PROBLEM TO WORK ON:
Each line from the top of the listing down to and including the line with "Rhododendron yellow flower" must be duplicated exactly; pictures are to be skipped.

GIVEN MATERIAL:
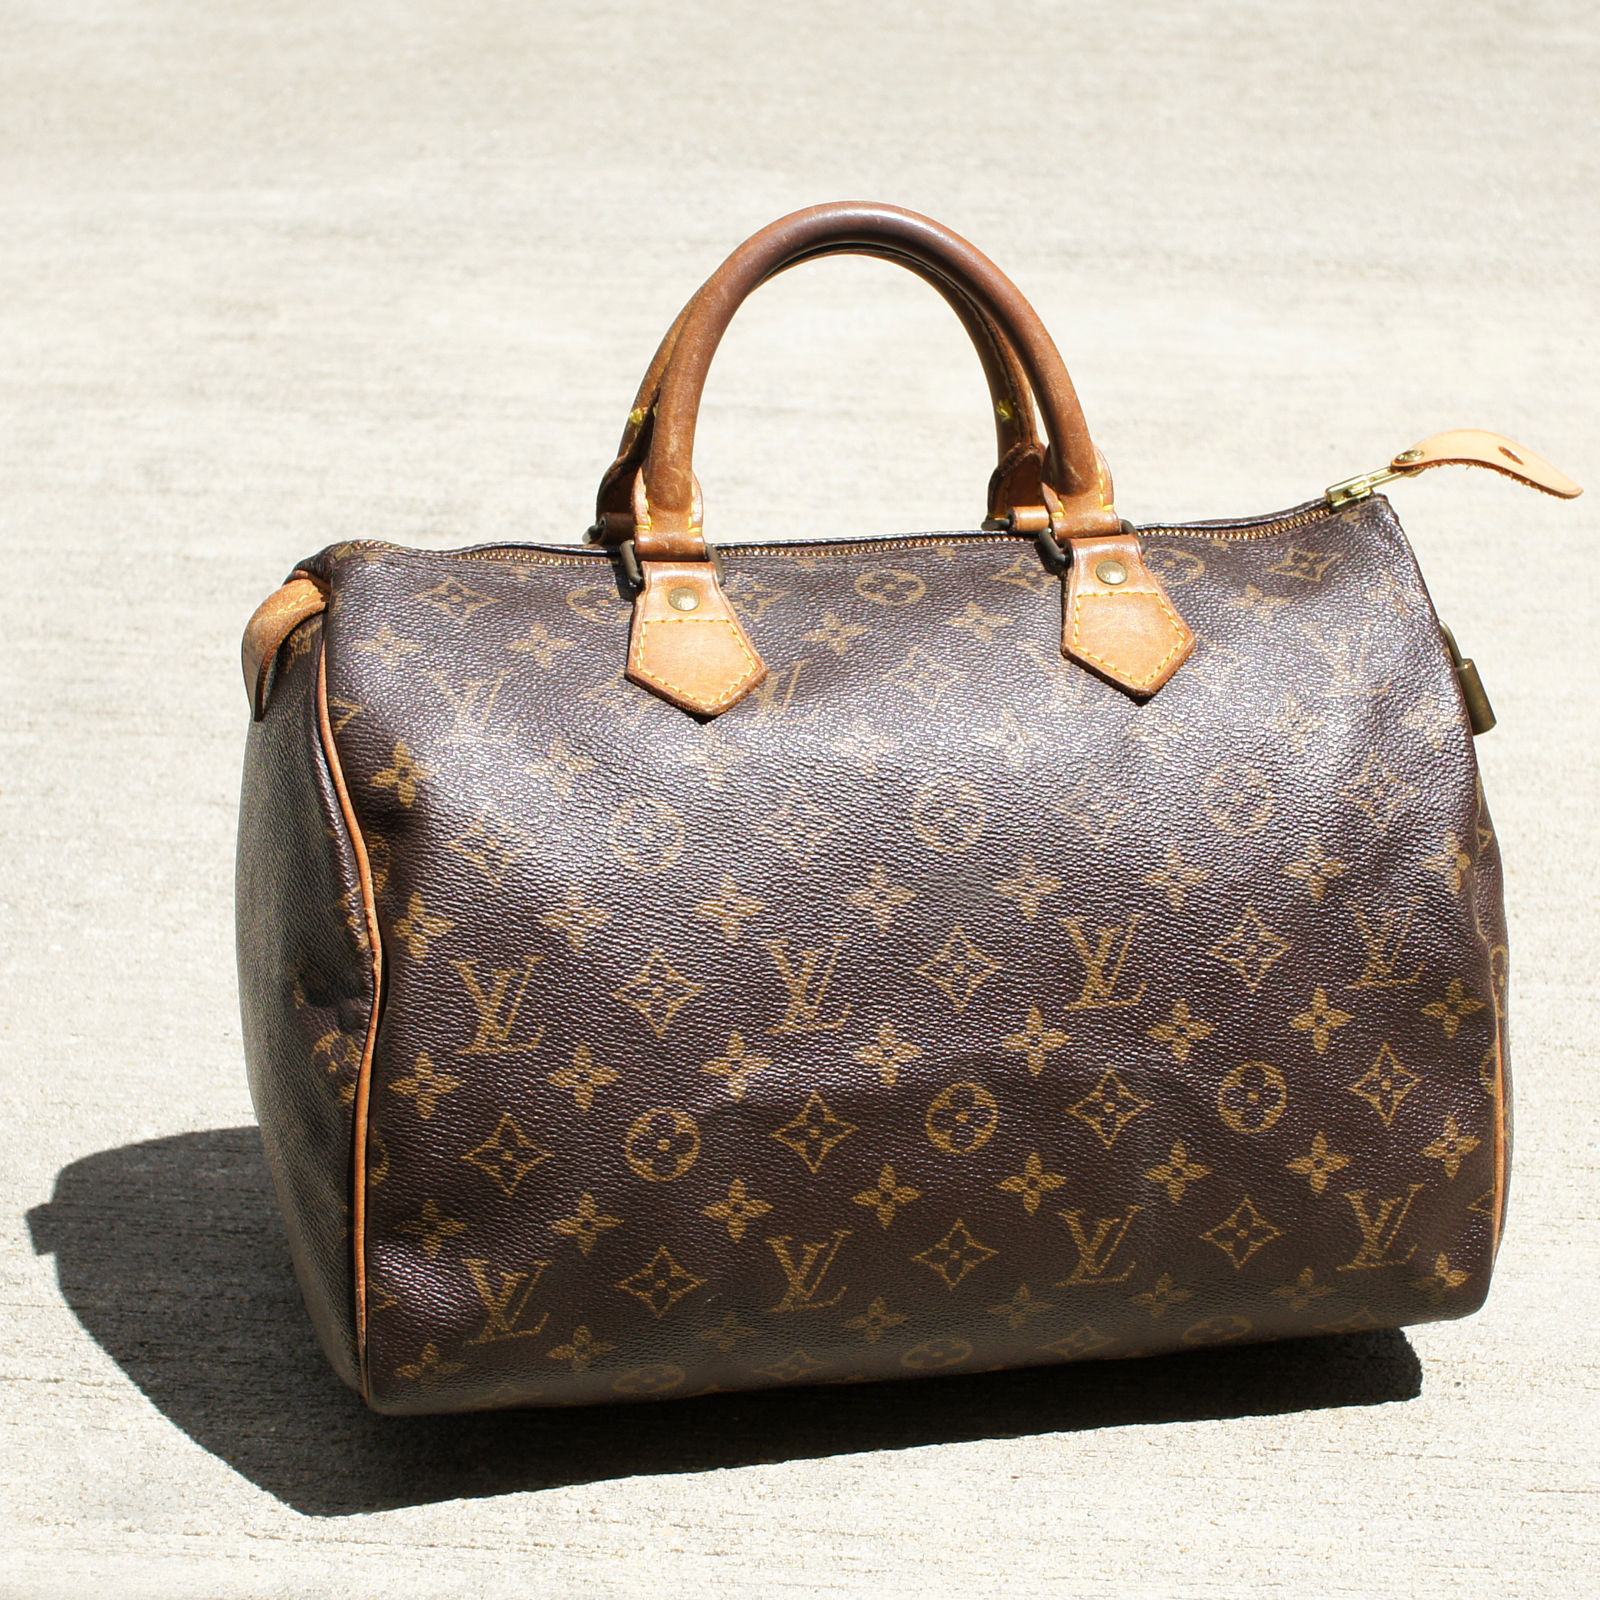 Vintage Louis Vuitton Price Guide | Literacy Ontario Central South
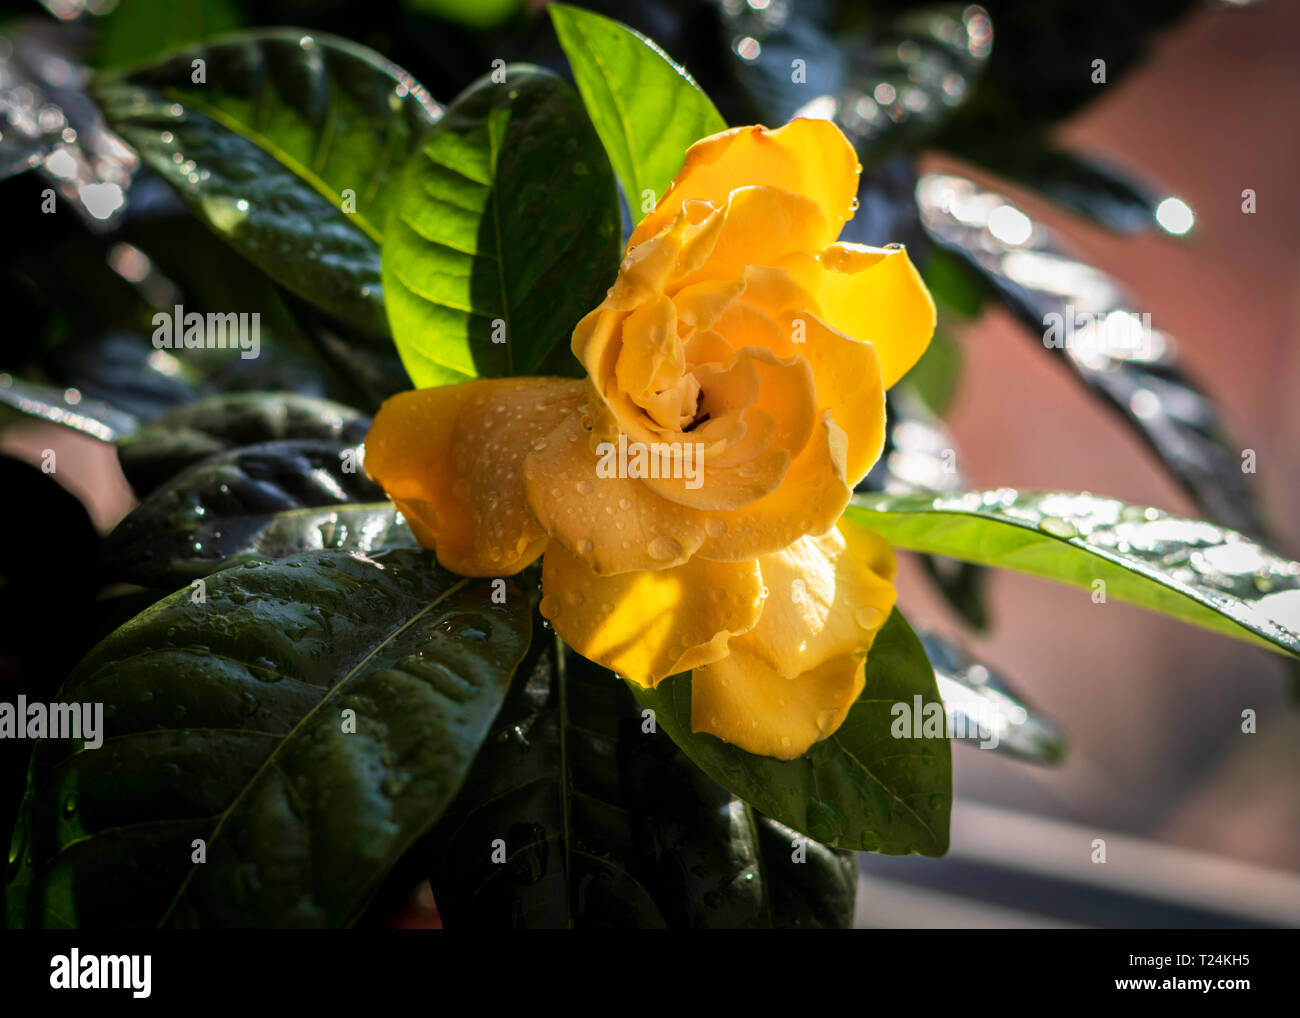 Rhododendron yellow flower in pot at home near the window Stock Photo
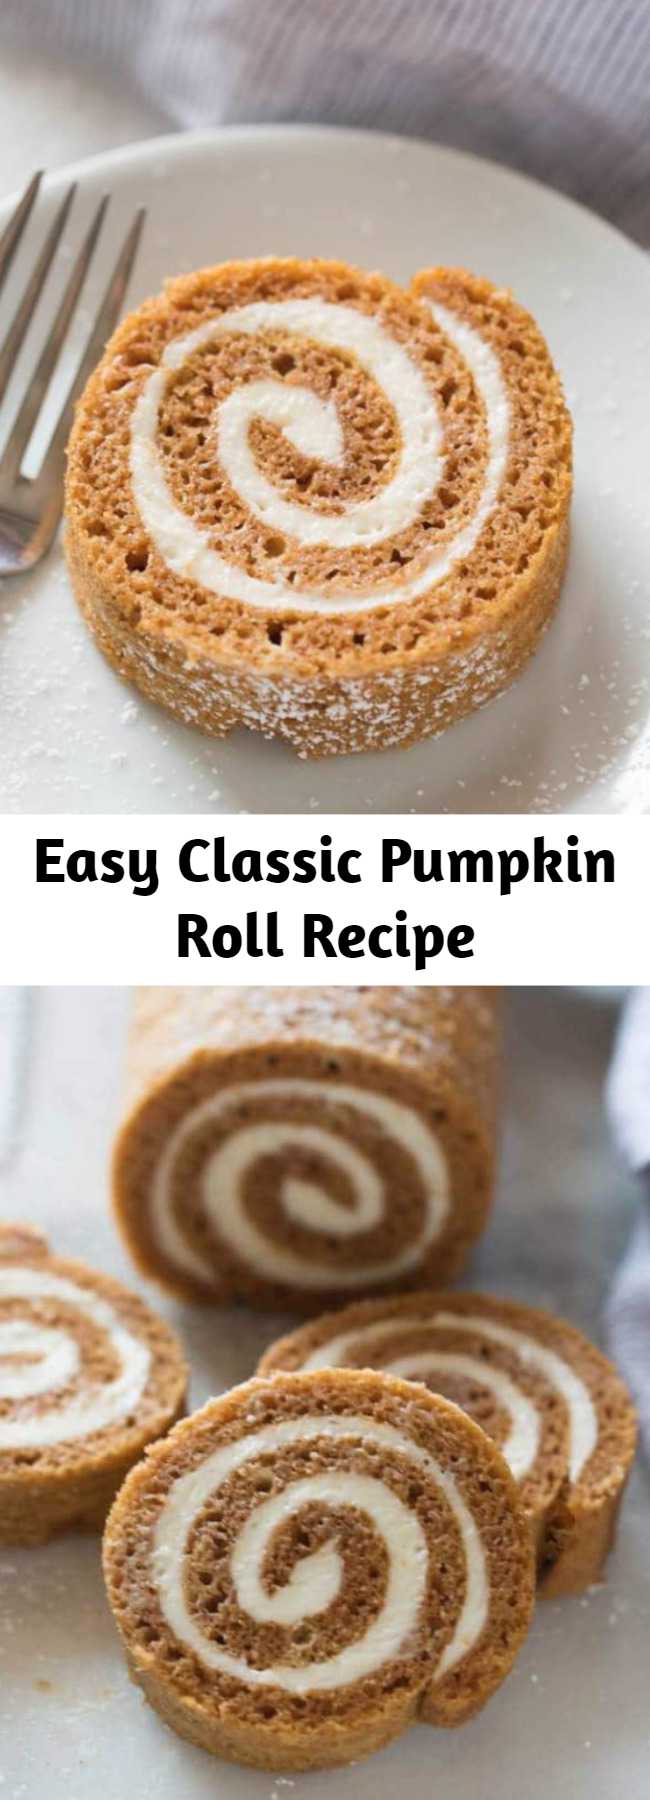 Easy Classic Pumpkin Roll Recipe - I’ve got one simple trick that makes this classic Pumpkin Roll recipe EASY and mess-free! This classic pumpkin roll recipe is made with a delicious pumpkin cake, rolled up with a fluffy cream cheese filling. It has the best soft texture and flavor with a delicious cream cheese filling.  Always a crowd favorite, and easier than ever to make!

FINAL ANSWER:
 Vintage Louis Vuitton Price Guide | Literacy Ontario Central South
 Rhododendron yellow flower in pot at home near the window Stock Photo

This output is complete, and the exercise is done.